Man, this is amazing work. Do you accept summer interns in your garage?
I started the day helping a friend to move into his apartment so didn't actually get started till 3pm. I started by getting the carbs and airbox all sorted and fitted up. I cleaned the lower and upper portions of the airbox and all of the parts that go with it.
I then carried out the modification to the carb vent hoses as stated on the Technical Bulletin. This just involved replacing the carb vent hoses and routing them properly.
I also carried out the TSB on the fuel pump vent hose. This one just verifies that the vent hose is routed correctly and kink free to ensure that the fuel pump does not corrode and contaminate your fuel. This was fine but worth chacking. I re-routed the pipe a little to ensure it will not be a problem in the future.
Got all the carbs assembled together as one unit, fed all the cabled through the air box and attached them all up. I tell you what, working on the carbs is definatley not a five minute job, it is very easy to get the pipes kinked on assembly and it is very important to take your time and observe everything as you install them.
One thing I found was that the lower clamps on the rubber mounts for the carbs, the side that clamps to the cylinder head, were at the end of their thread. In other words they would not tighten up anymore.

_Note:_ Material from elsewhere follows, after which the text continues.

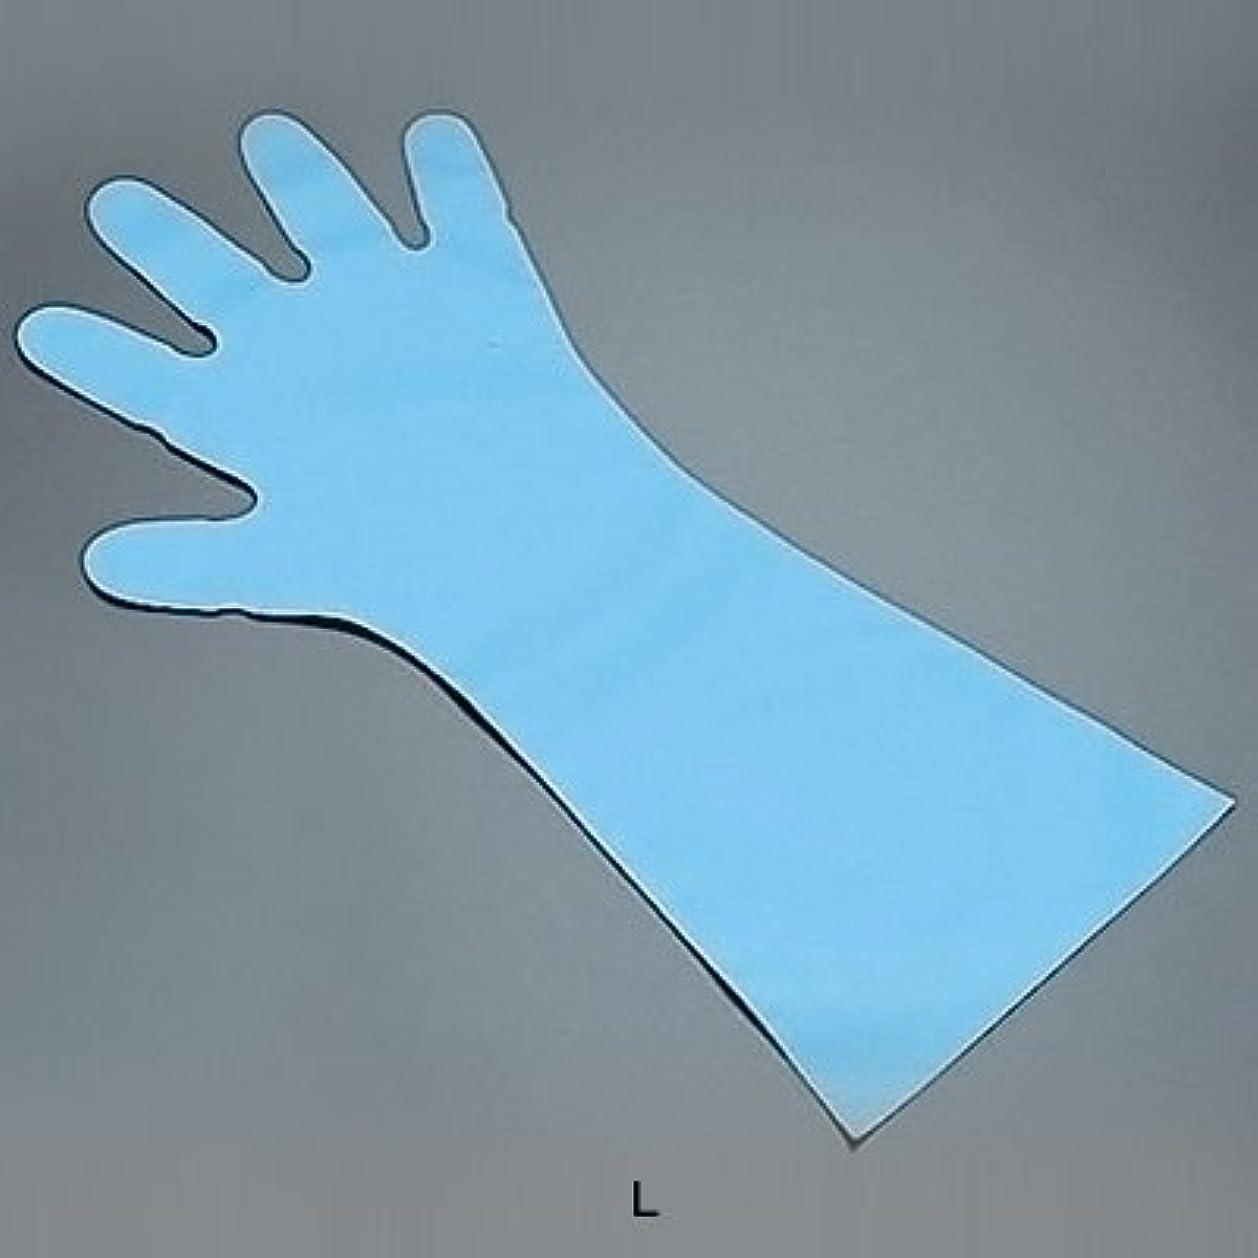 ケープライオネルグリーンストリートコンサルタントエンボス手袋 五本絞り ロング#50 (1袋50枚入) L 全長45cm <ブルー>

Since the flange has a grove in it then I did not perceive this to be a problem, I tried to pull at the carbs and they were tight enough, I sure couldnt get them off anyway! I got the carbs finished and verified eveything was working smoothly with no sticking cables or anything. Checked the clamps, hoses and rubbers were all fitted correctly...........
Its a good idea to cable tie the vent hose to the carb frame on left hand side to prevent the hose from rubbing on the linkage. Fitted a new air filter and refitted the snorkel and upper portion of the airbox.
Ooops, just realised I forgot to set the lock stops on the new tripple clamps, so I did this. I set them such that the forks were about 1/4" from the frame this should be enough to prevent the forks hitting the frame in a crash situation or hitting a tree in the woods
I then installed the rear sub-frame with the header to muffler link pipe and re-fitted the mufflers.
I took a picture of it with one muffler just to see what it would look like, I personally prefer the two however, I would like the weight saving advantage of just the one!!!
Once I had the entire exhaust system in position I lined up the mufflers and tightened them all up, then tightened the header pipes and left the the clamps between the headers and link pipes till last. It all fitted very snug and lined up perfect.
The oil tank, temperature control fan and radiator then needed re-fitting so I got all that little lot in place and checked that I had not misses any breather hoses etc. Everything looked good except I could not find where the plug is meant to sit for the fan. It has a little lug on it which suggests that it fits somewhere but could not find where for the life of me!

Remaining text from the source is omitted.